Act on medical schools report

Wednesday February 26 2020

 Graduands of Uganda Christian University at a gr

Graduands of Uganda Christian University at a graduation ceremony. The university has been ordered to stop admitting students for medicine and dentistry courses for lack of appropriate infrastructure. Photo by Rachel Mabala 


An inspection report by health experts from the East African Community (EAC) condemns three of our newly opened medical schools as not fit for the purpose (See: ‘UCU, Busitema medical schools ordered to close’ in the Daily Monitor, February 25).

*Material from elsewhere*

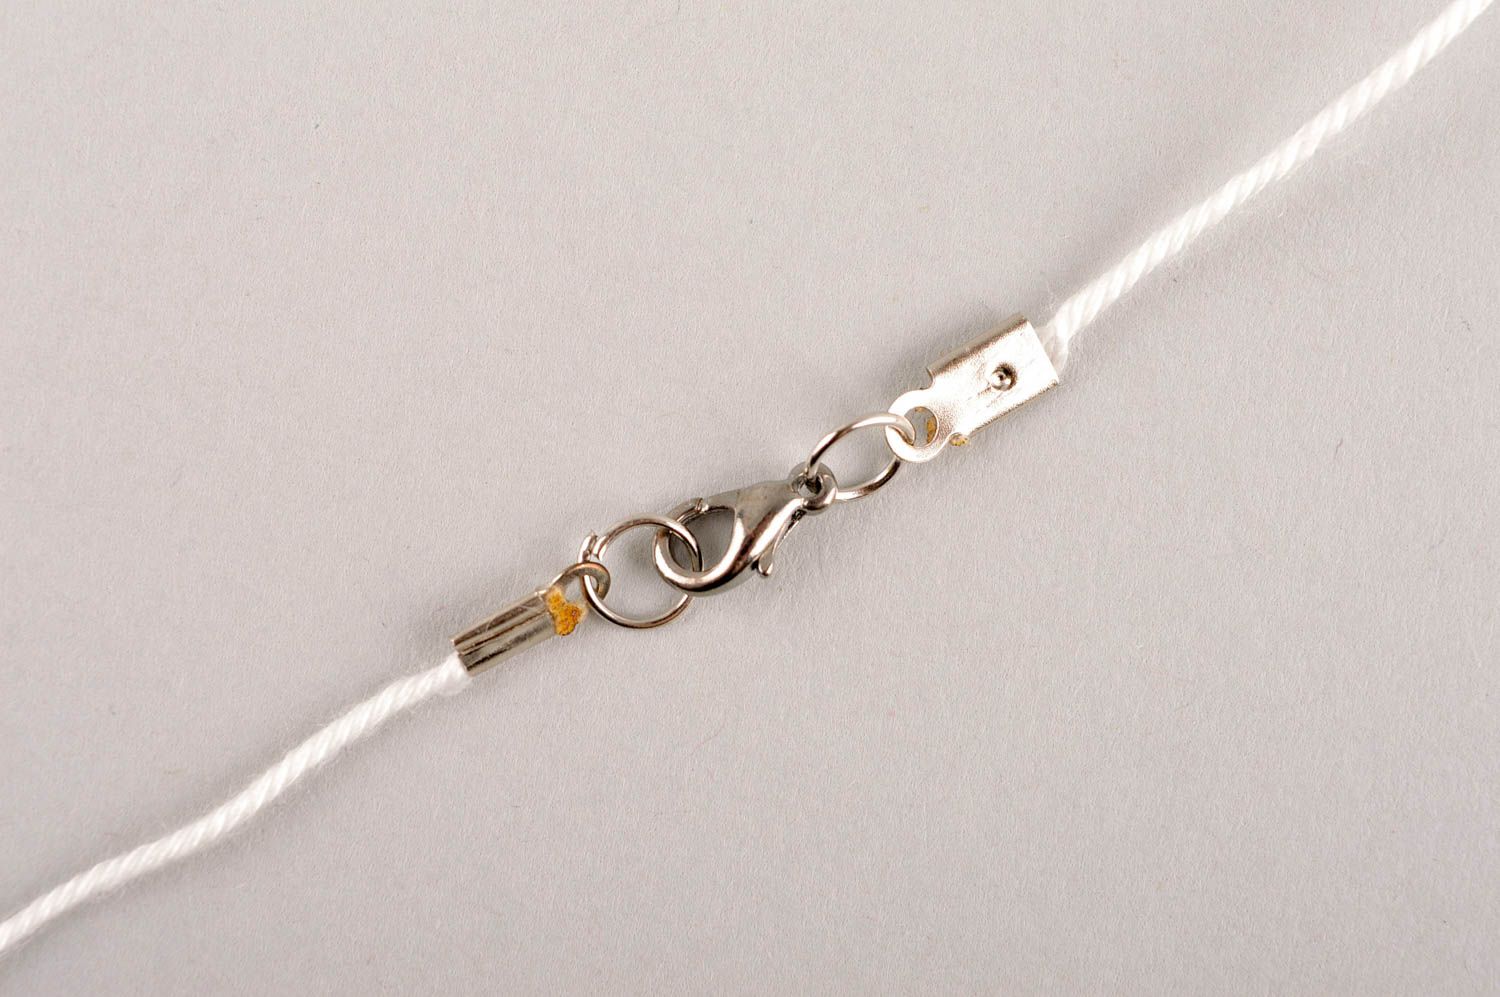 Handmade pendant designer pendant unusual gift for girl handmade glass pendant photo 5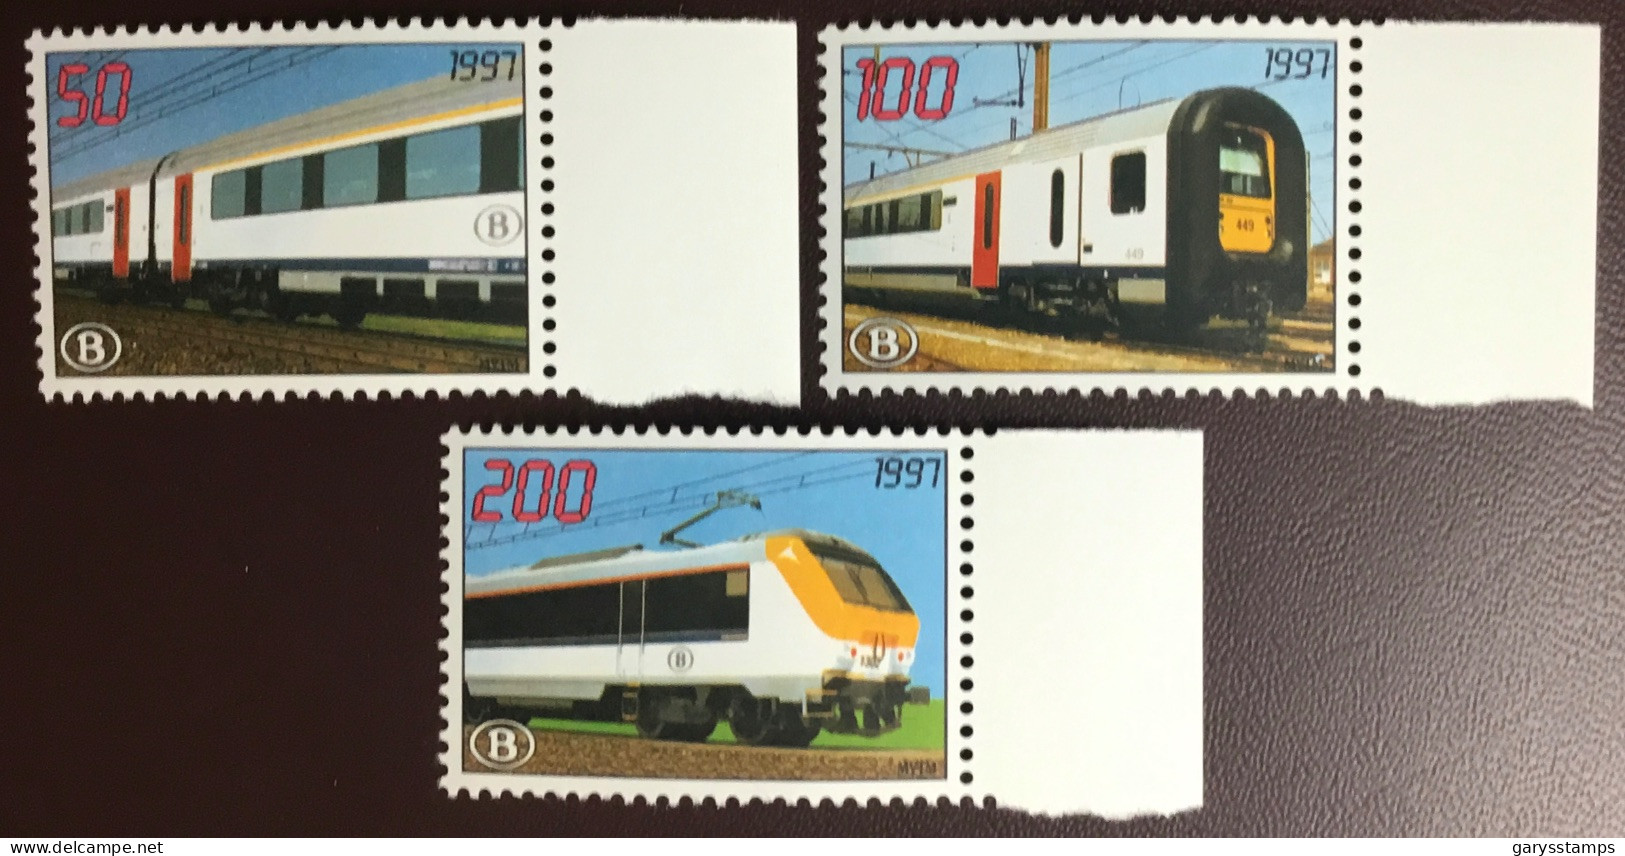 Belgium 1997 Modernisation Railway Stamps Set MNH - 1996-2013 Labels [TRV]

The same report implicates Gulu University Medical School and orders Makerere University not to teach the dentistry course, unless its facilities are improved. The findings also orders Uganda Christian University, St Augustine University, Busitema, Gulu, and Makerere to stop their current students and send them to other universities with good infrastructure until they set up the required facilities to teach medical and dentistry courses.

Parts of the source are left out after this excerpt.